Available records:
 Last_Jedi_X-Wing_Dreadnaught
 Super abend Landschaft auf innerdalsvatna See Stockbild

--

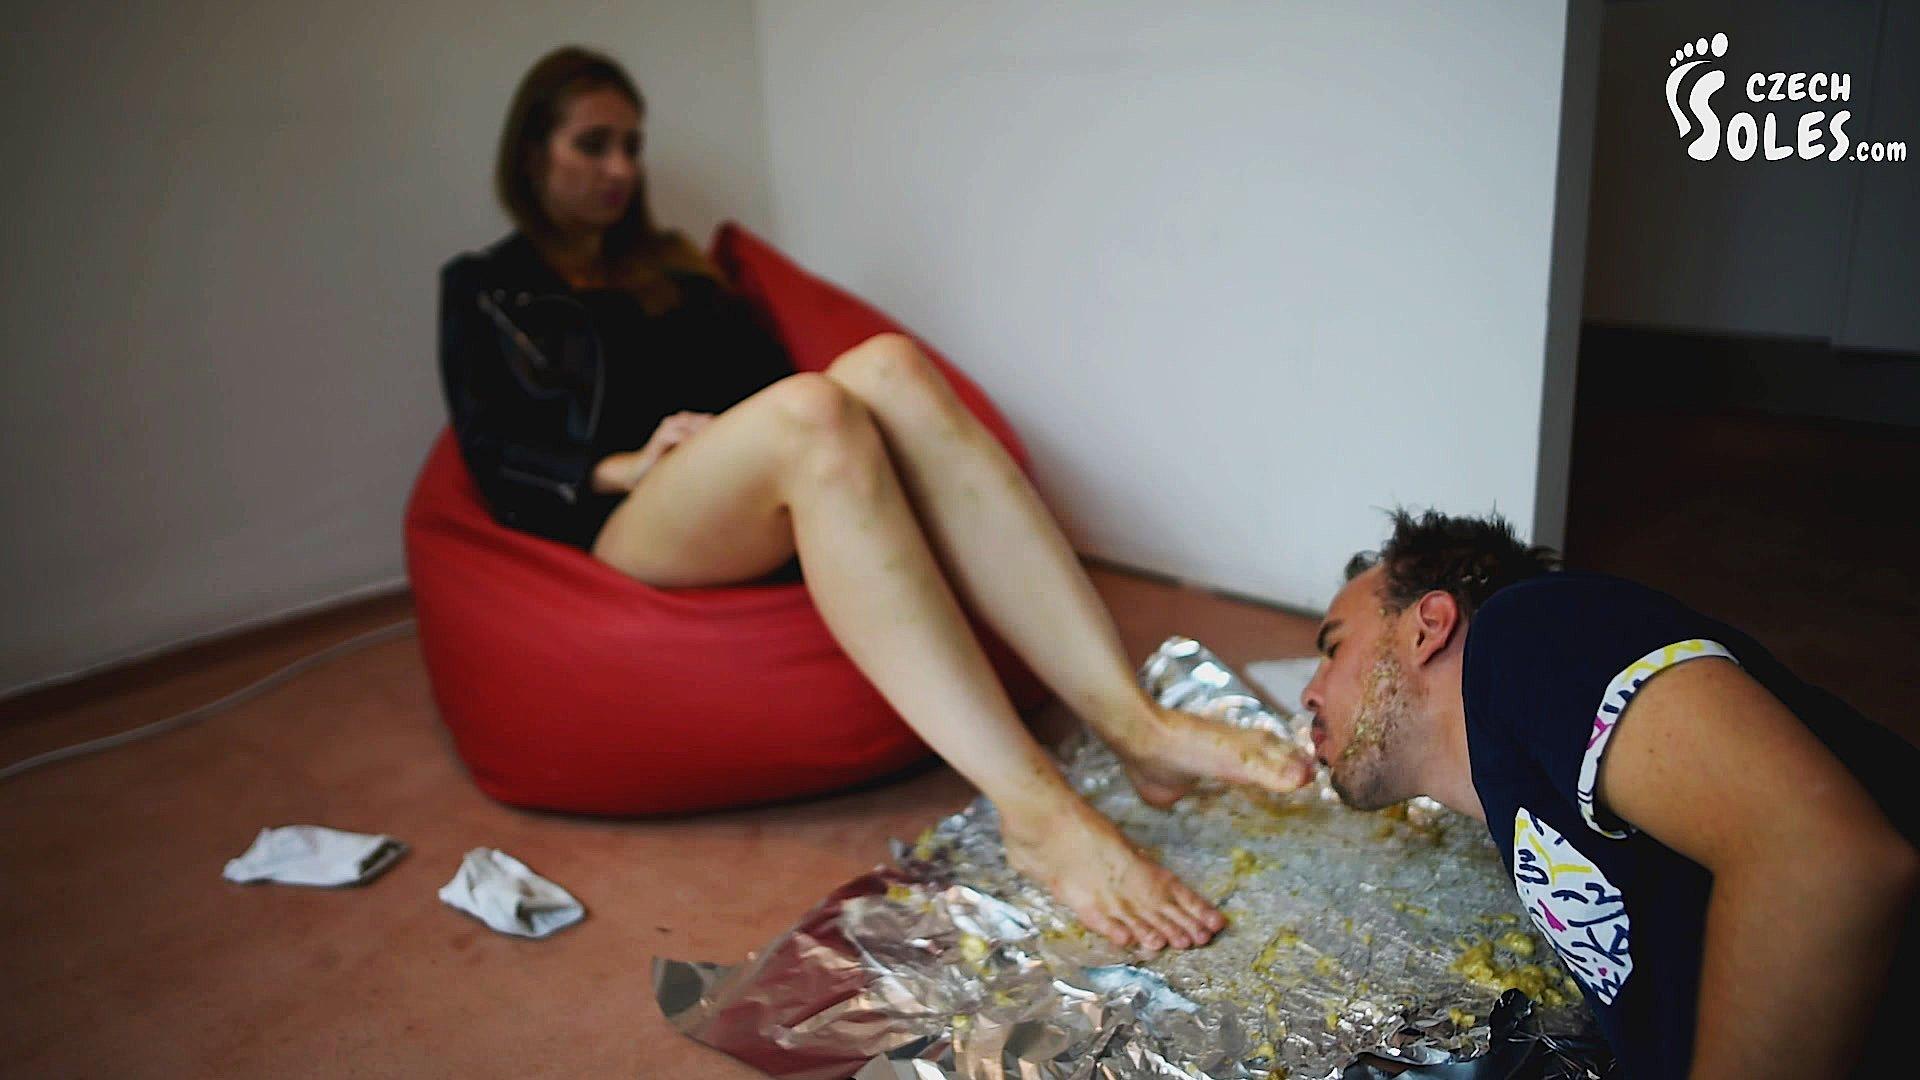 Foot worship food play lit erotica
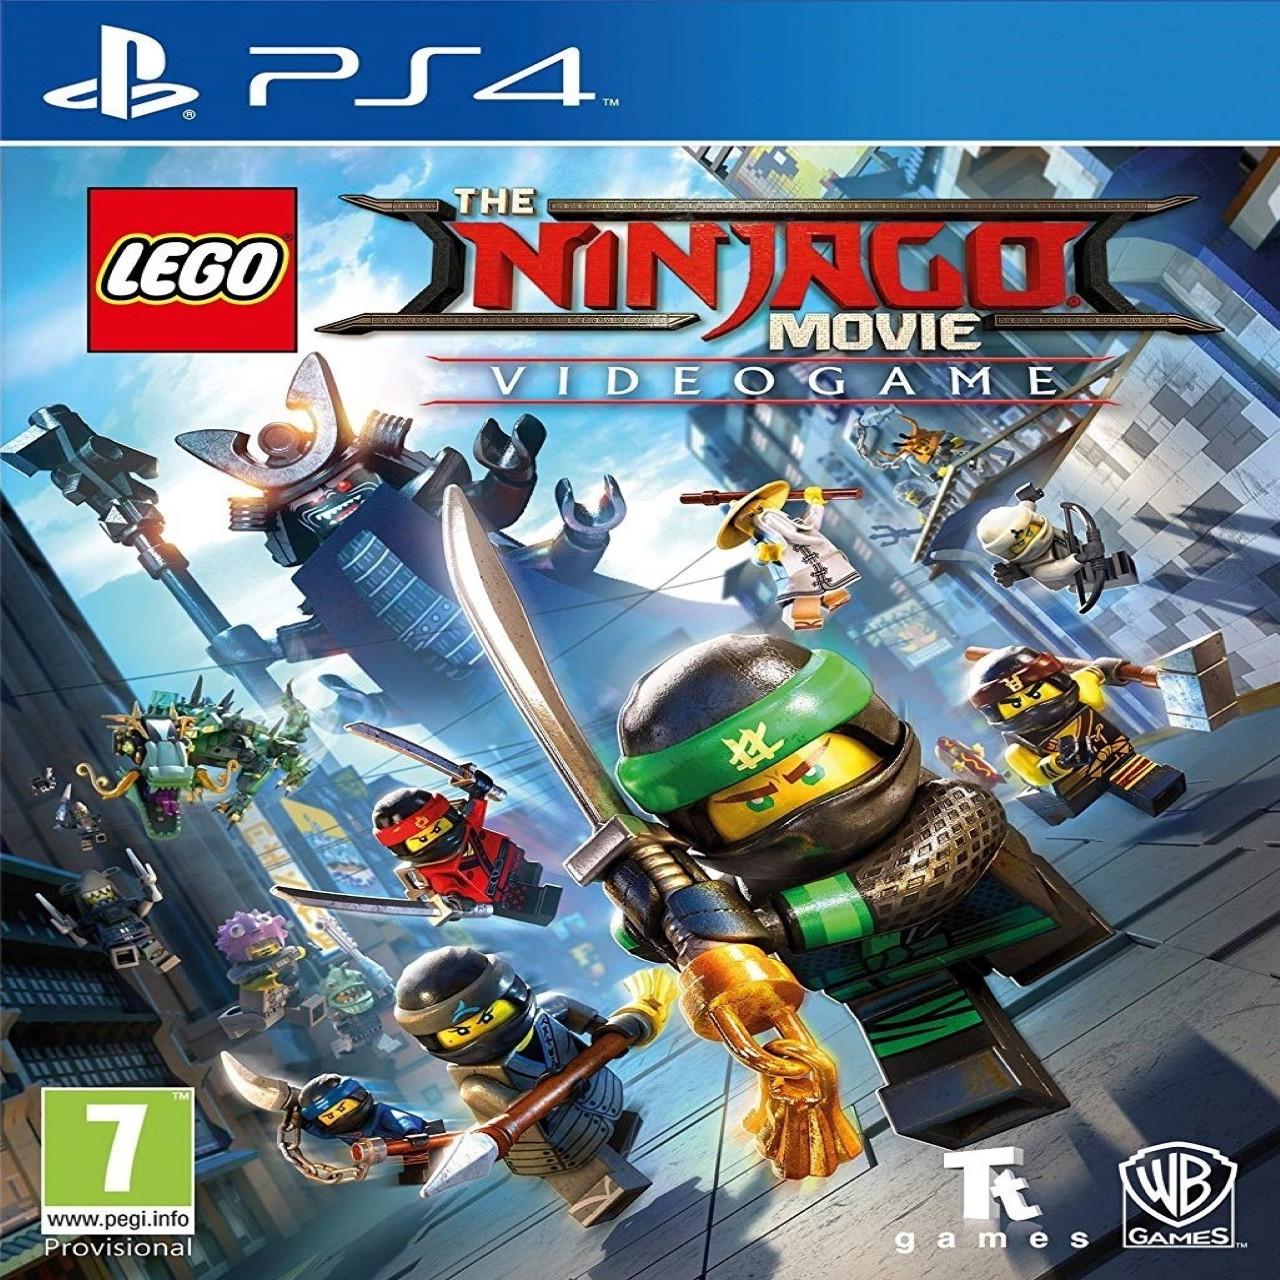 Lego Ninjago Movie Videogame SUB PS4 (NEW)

Problem statement: The response should hold exactly the lines starting at the line with "Last_Jedi_X-Wing_Dreadnaught" and ending at the line with "Super abend Landschaft", and no other line of the material above.

Exercise result:
 Last_Jedi_X-Wing_Dreadnaught
 Super abend Landschaft auf innerdalsvatna See Stockbild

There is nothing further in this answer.